DIRECTIONS FOR THIS TASK: Reproduce the data that follows character for character, but omit its pictures.

RECORDED DATA:
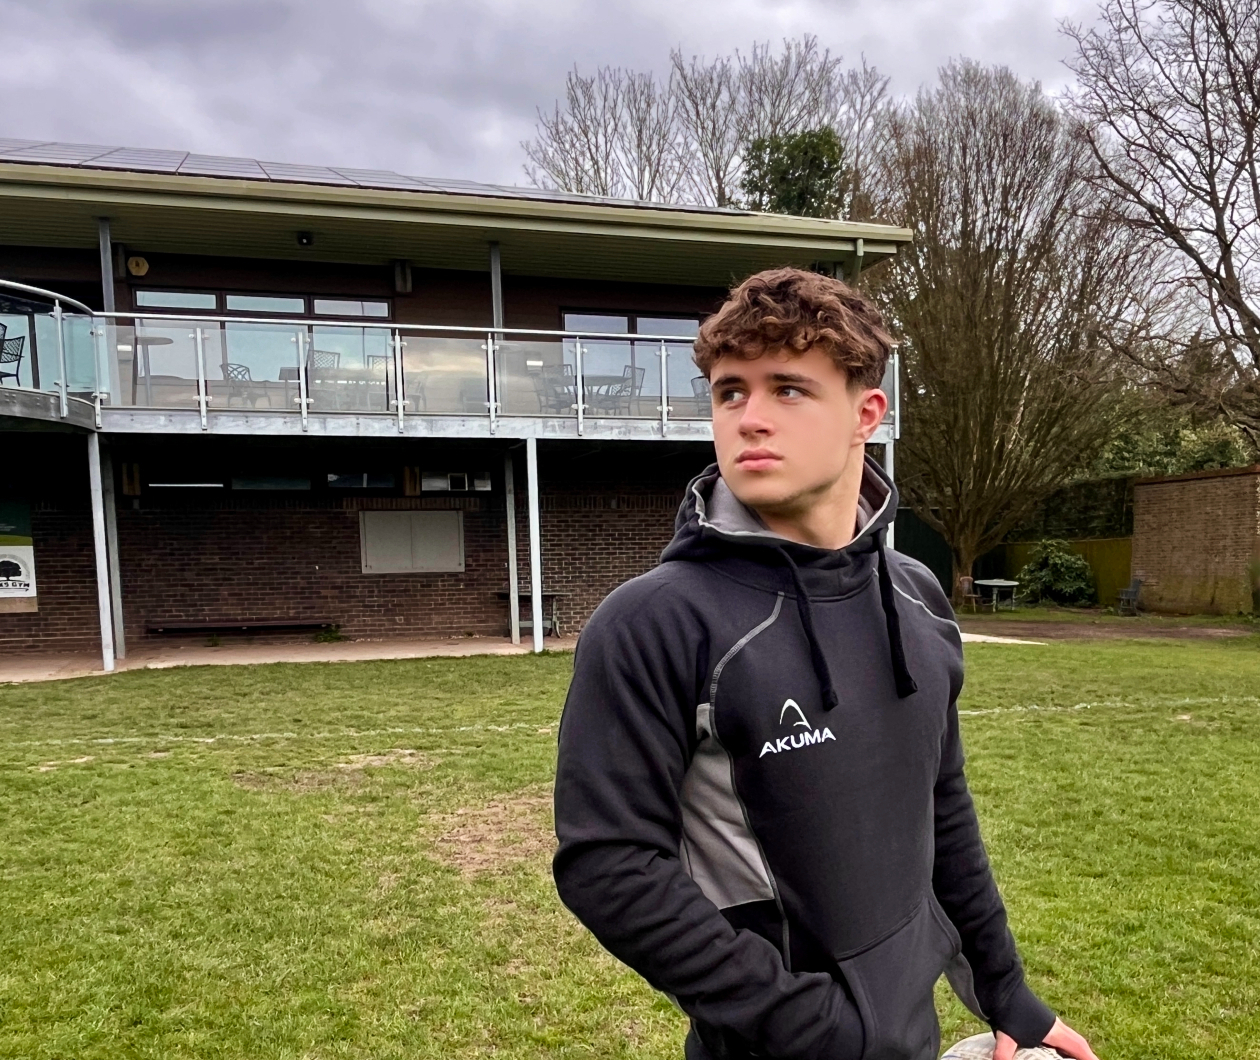 Akuma Sports recognises upcoming rugby talent Ethan Karr, a hooker for Harlequins PDG, who joins the Akuma family as their latest brand ambassador
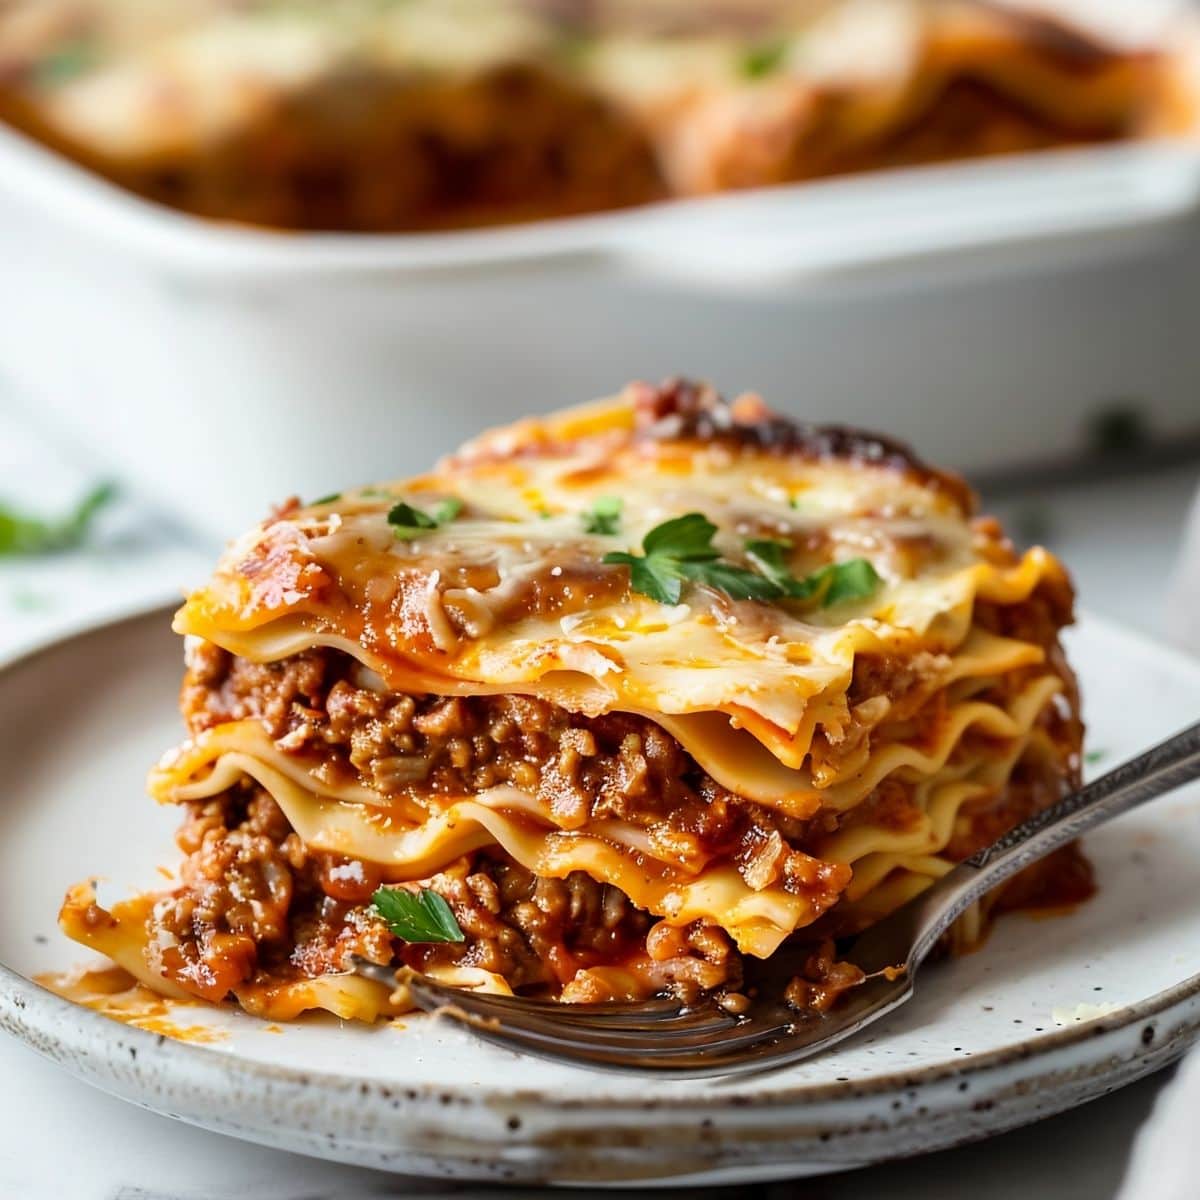 Slice of Prego Lasagna- Layers of Noodles, Meat Sauce, and Melty Cheese- on a Plate with a Fork
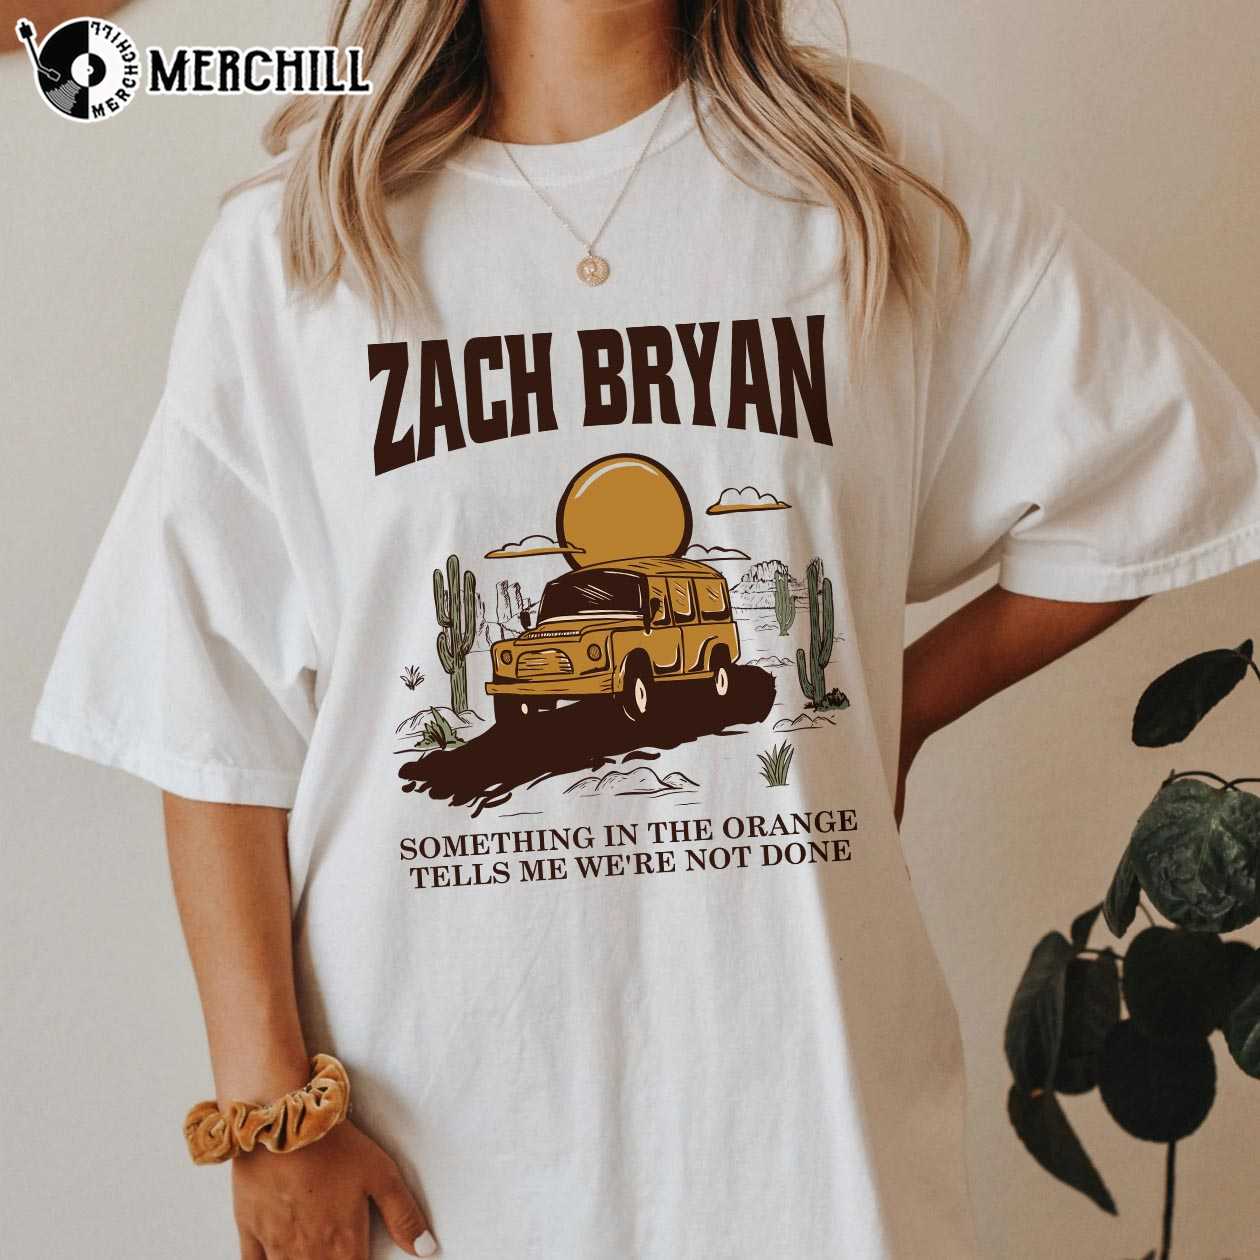 Country Spectacle: The Official Zach Bryan Merchandise Extravaganza
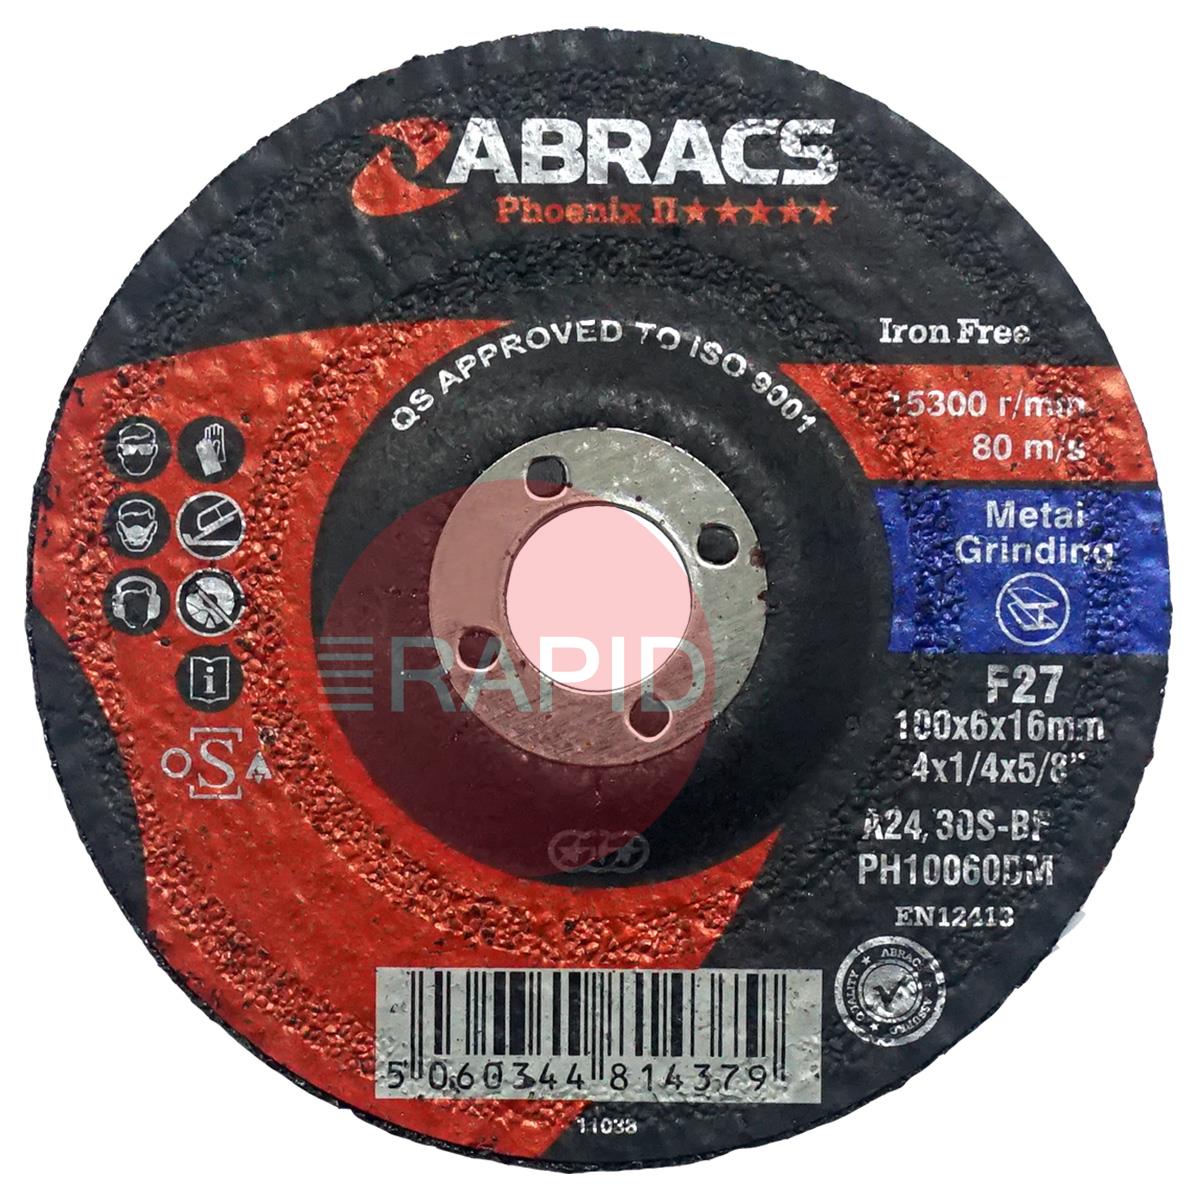 4MG  Abracs Phoenix II 100mm (4) Depressed Centre Grinding Disc 6mm Thick. Grade A24/30S4BF For Steel.

THE COMPLETED TASK:
 Akuma Sports recognises upcoming rugby talent Ethan Karr, a hooker for Harlequins PDG, who joins the Akuma family as their latest brand ambassador
 Slice of Prego Lasagna- Layers of Noodles, Meat Sauce, and Melty Cheese- on a Plate with a Fork
 Country Spectacle: The Official Zach Bryan Merchandise Extravaganza
 4MG  Abracs Phoenix II 100mm (4) Depressed Centre Grinding Disc 6mm Thick. Grade A24/30S4BF For Steel.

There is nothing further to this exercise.